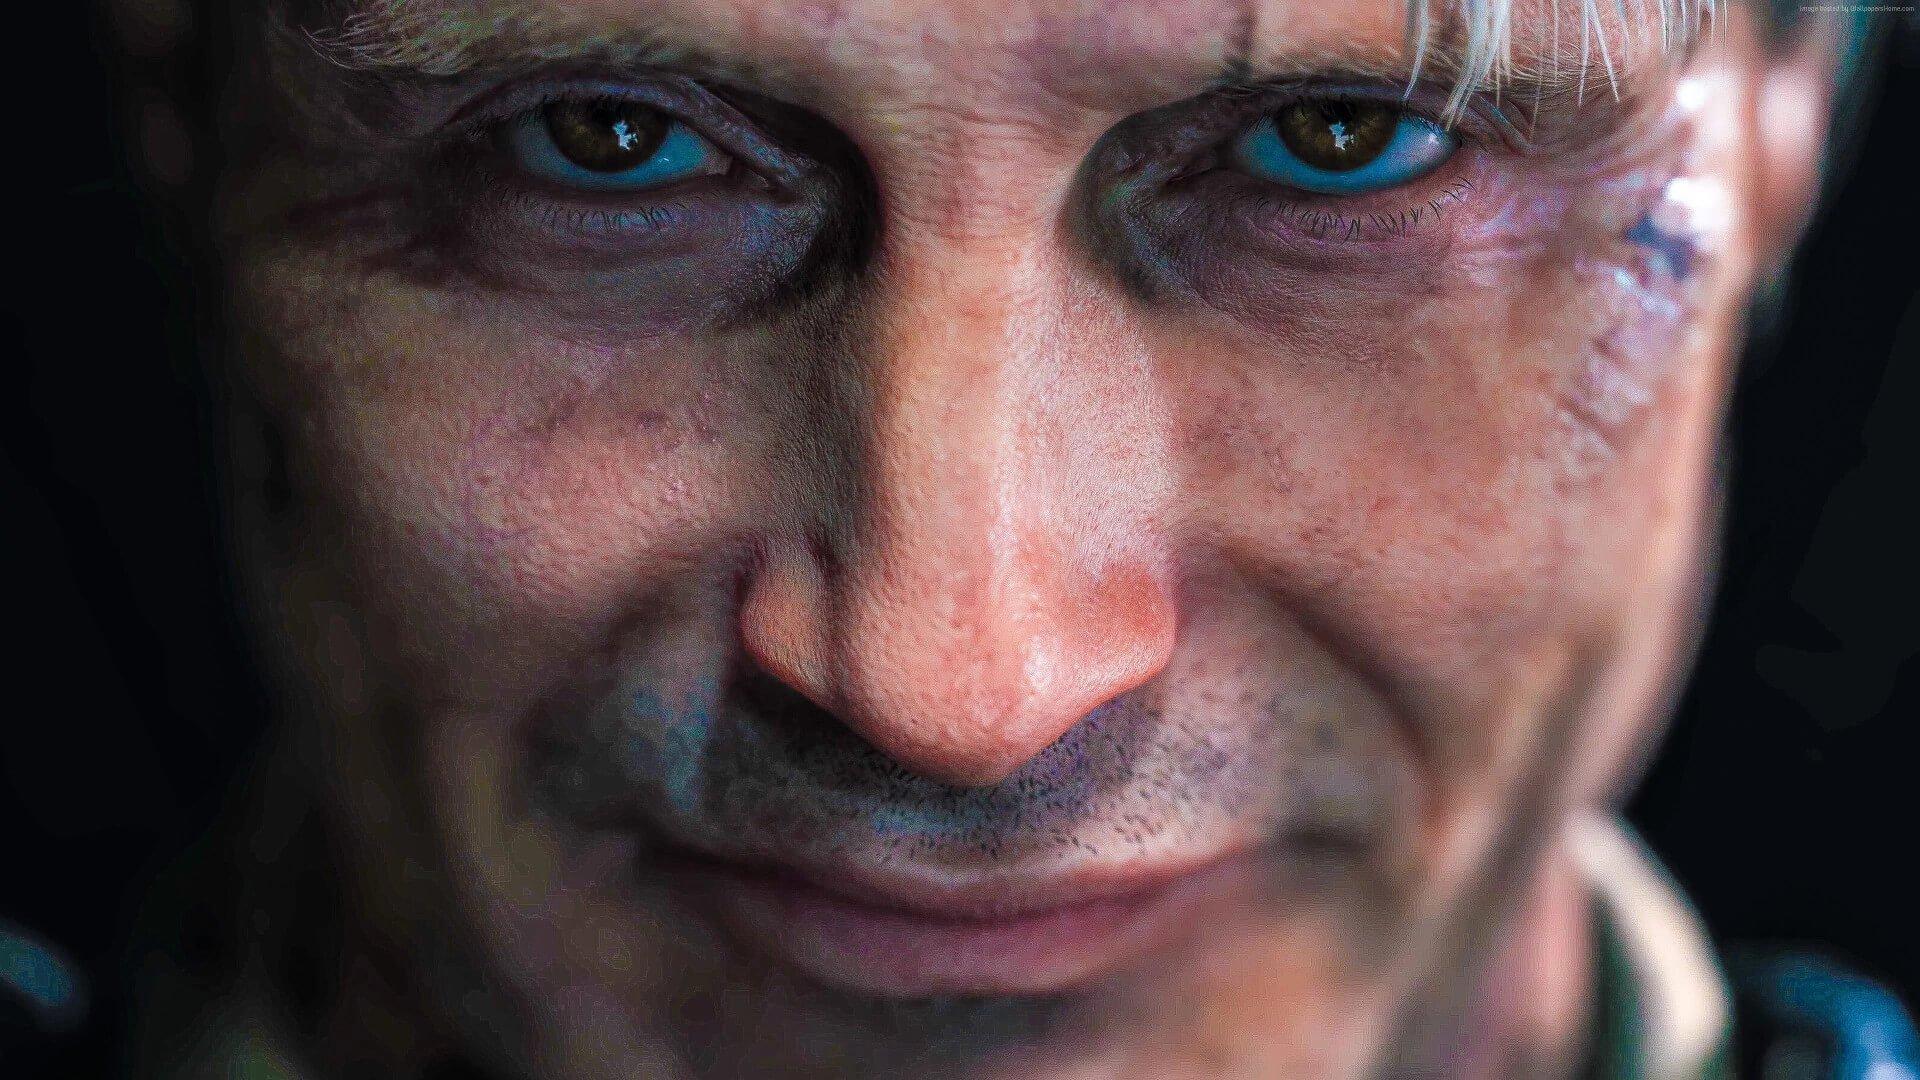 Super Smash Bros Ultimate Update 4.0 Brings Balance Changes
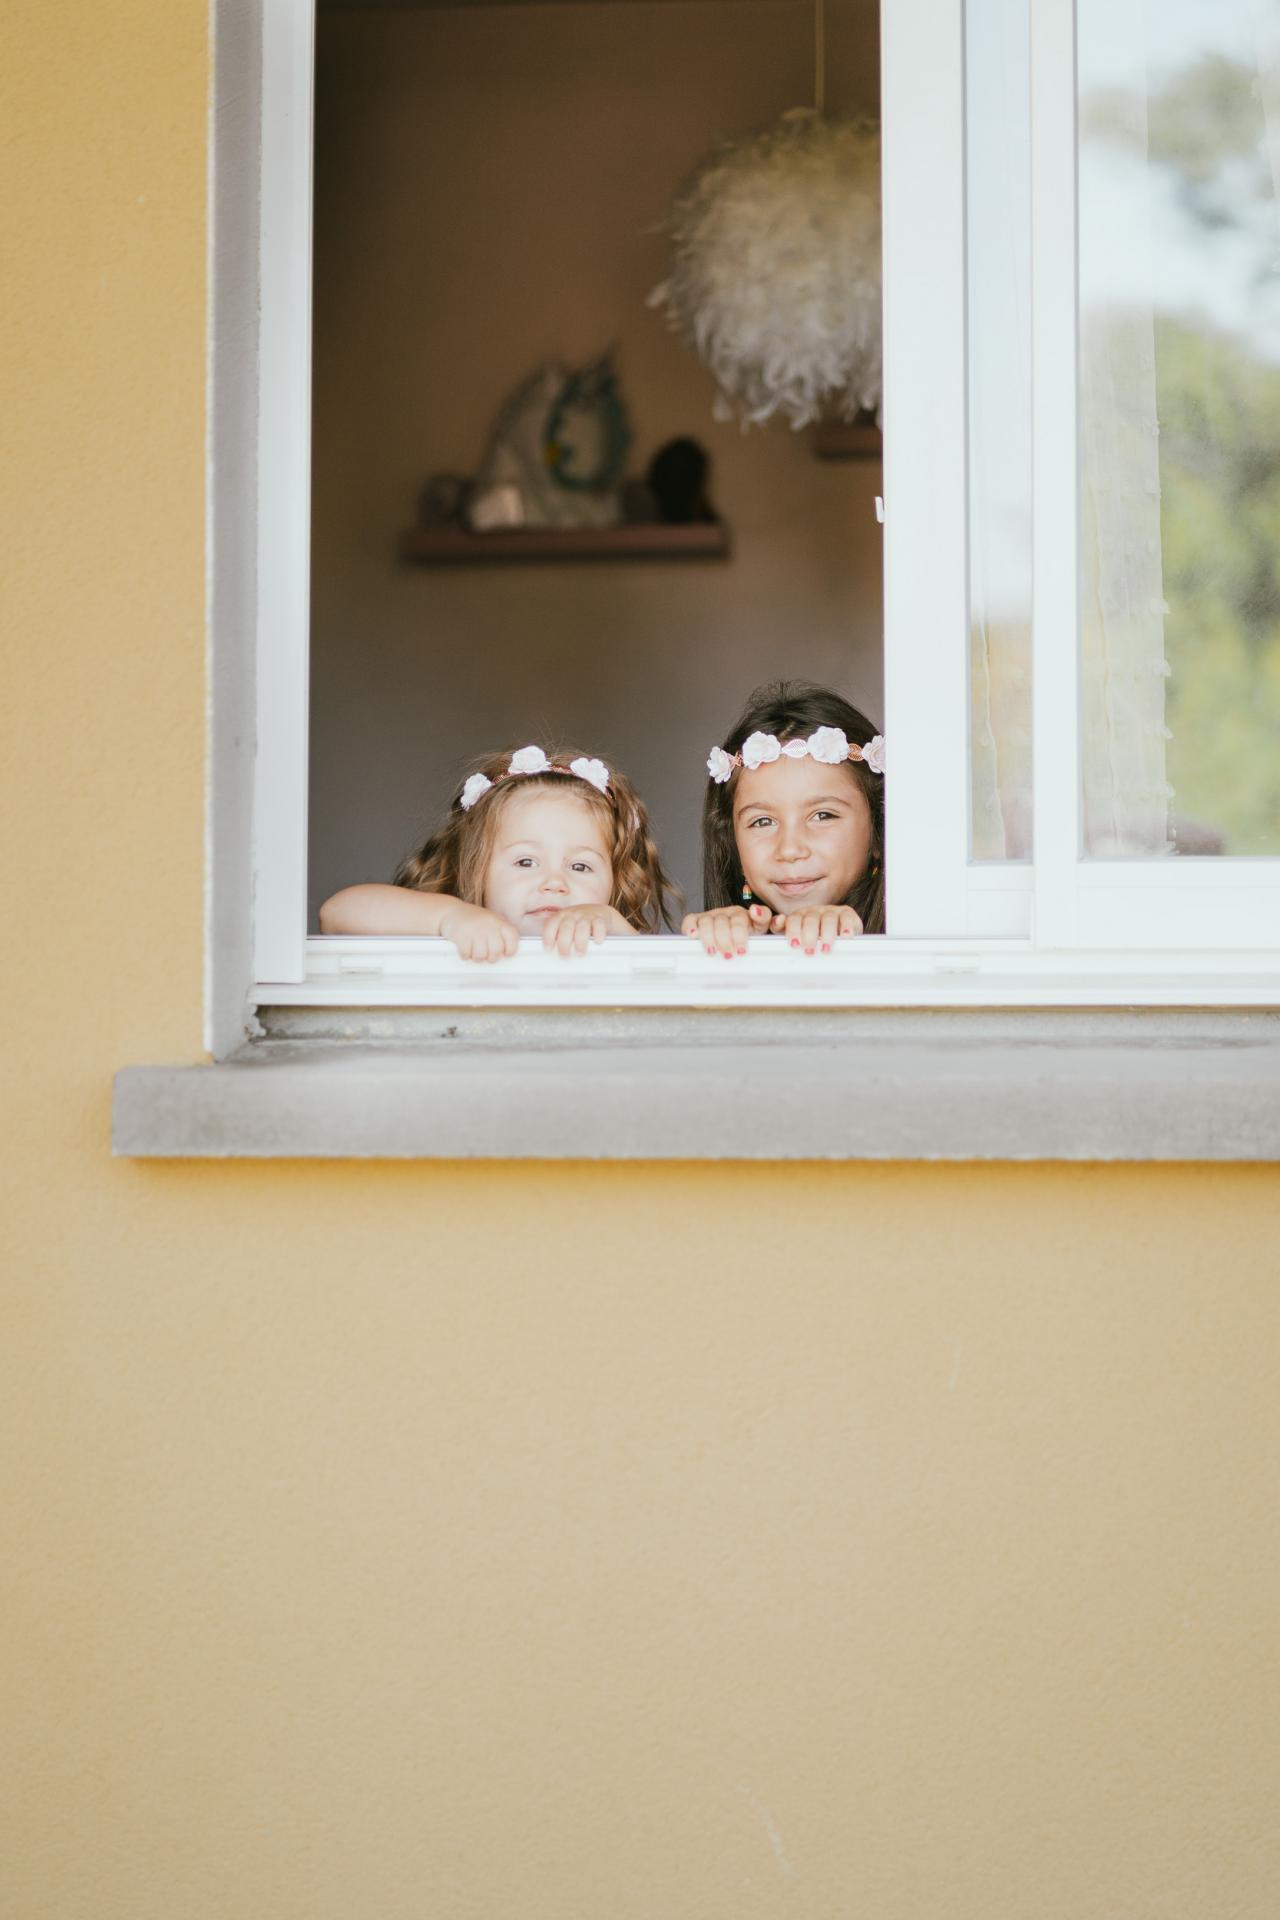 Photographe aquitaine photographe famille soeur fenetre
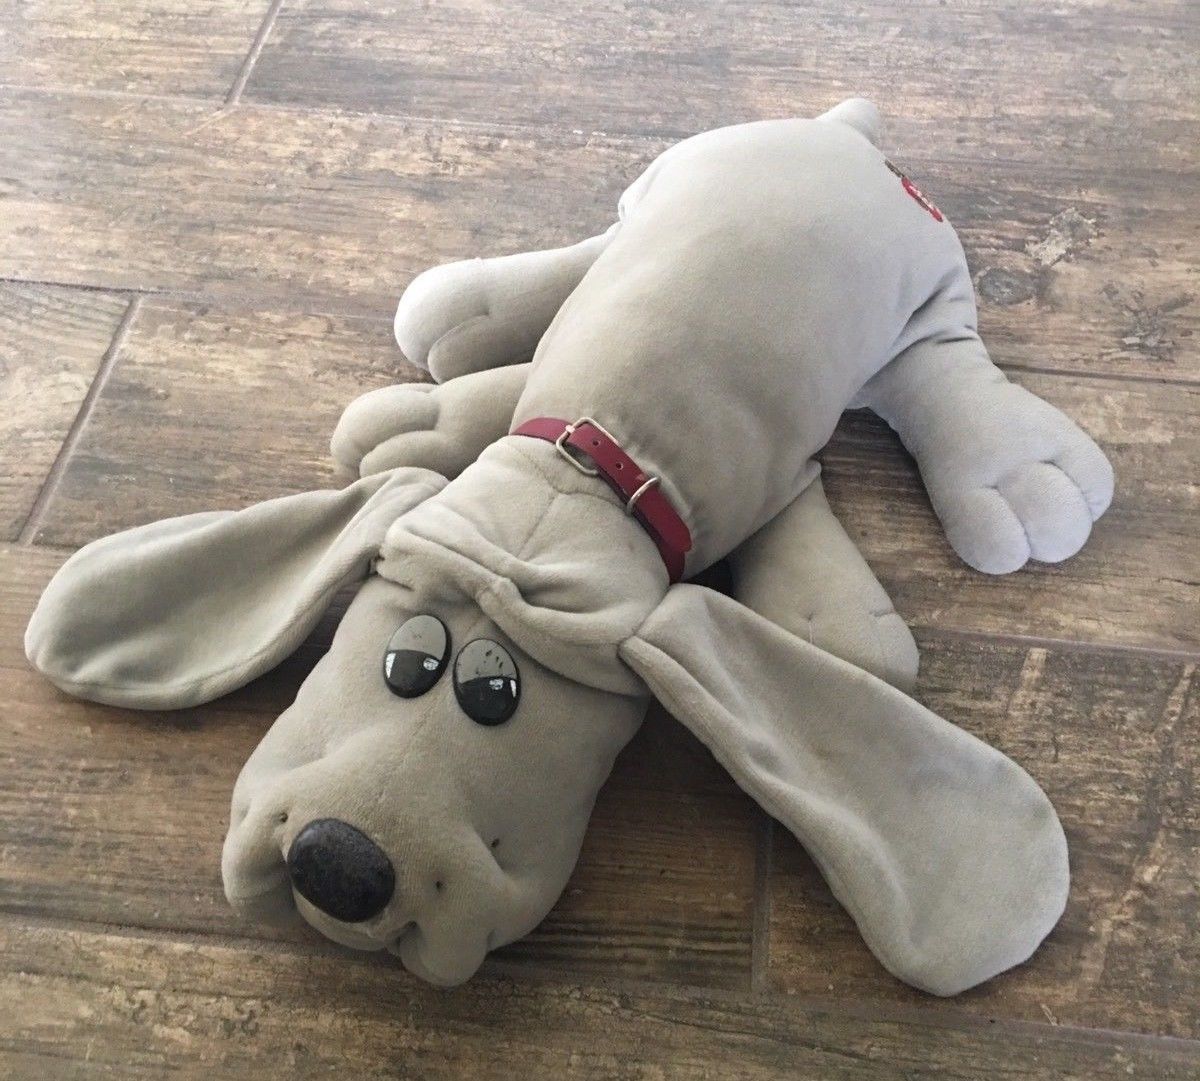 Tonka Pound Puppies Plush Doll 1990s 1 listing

> **WORK REQUEST**
In your copy of the listing above, reproduce each line exactly and omit all pictures.

> **RESPONSE AREA**
 Super Smash Bros Ultimate Update 4.0 Brings Balance Changes
 Photographe aquitaine photographe famille soeur fenetre
 Tonka Pound Puppies Plush Doll 1990s 1 listing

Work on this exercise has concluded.